High Performance Liquid Chromatography Method for Determination of Aspirin after Derivatization Reaction and Kinetic Study

Abstract
This study involves the quantification of Aspirin (Acetyl salicylic acid) using Reversed Phase High-Performance Liquid- Chromatography (RP-HPLC). A key element of this method was the synthesis and characterization of a novel Azo compound called (E)-2-acetoxy-5-((4-hydroxyphenyl) diazenyl) benzoic acid (AHPDBA). AHPDBA was synthesized through an Azo coupling reaction of Acetyl salicylic acid and a diazonium salt derived from 4-amino phenol. The resulting AHPDBA compound was subsequently characterized using UV-Visible spectroscopy, FT-IR spectroscopy, and gas chromatography-mass spectrometry (GC-MS).
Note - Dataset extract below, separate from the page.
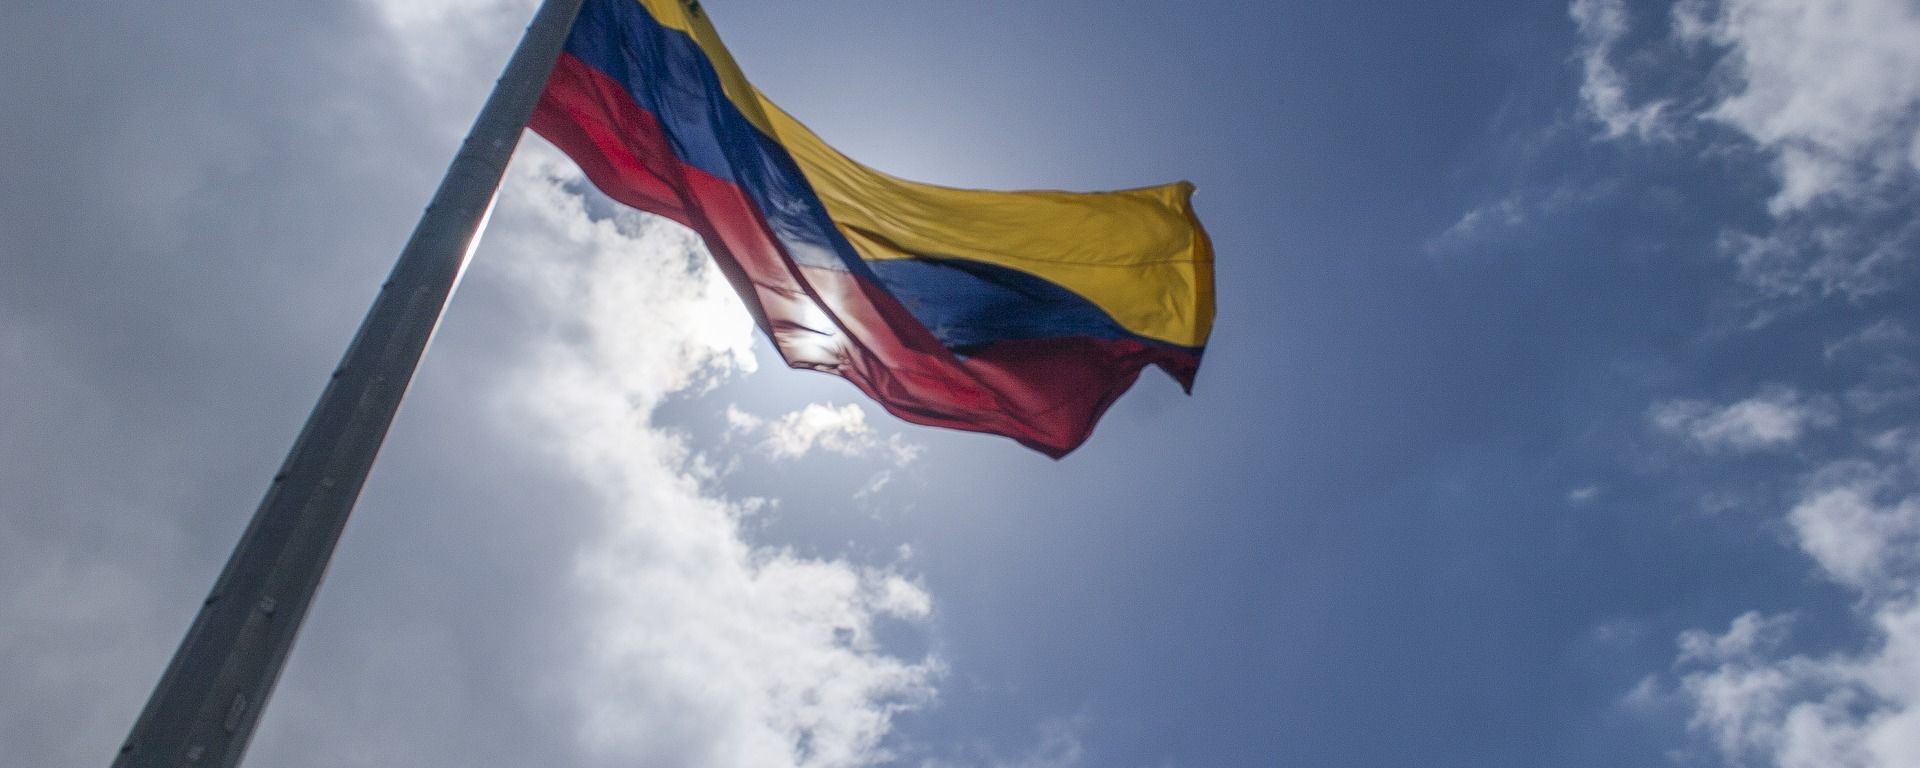 Bandera de Venezuela - Sputnik Mundo, 1920, 22.02.2021

Reversed-phase high-performance liquid chromatography (RP-HPLC) was employed for method optimization. The effects of mobile phase composition, pH, buffer, flow rate, injection volume, and temperature were carefully studied. Aspirin Calibration curve was created using concentrations ranging from (1 – 100 µg.mL-1). By using RP-HPLC the kinetic study of the alkaline and oxidative degradation process of AHPDBA, the order rate constants, half-lives, and activation energies were calculated. Method validation of the proposed method included the determination of Linearity coefficient, precision, accuracy, Limit of Detection (LOD), and Limit of Quantification (LOQ). The method exhibited good linearity with the (1-100 µg.mL-1) concentration ranges, with a correlation coefficient (r2) of 0.9999. Excellent precision and accuracy were demonstrated with Relative Standard Deviation (RSD %) values below 0.291 % and recoveries ranging from 99.871-100.532 %. The LOD was 0.930µg.mL-1, and the LOQ was 2.820µg.mL-1. This study demonstrated that the proposed method was applied successfully for quantification of Aspirin in a pharmaceutical preparation.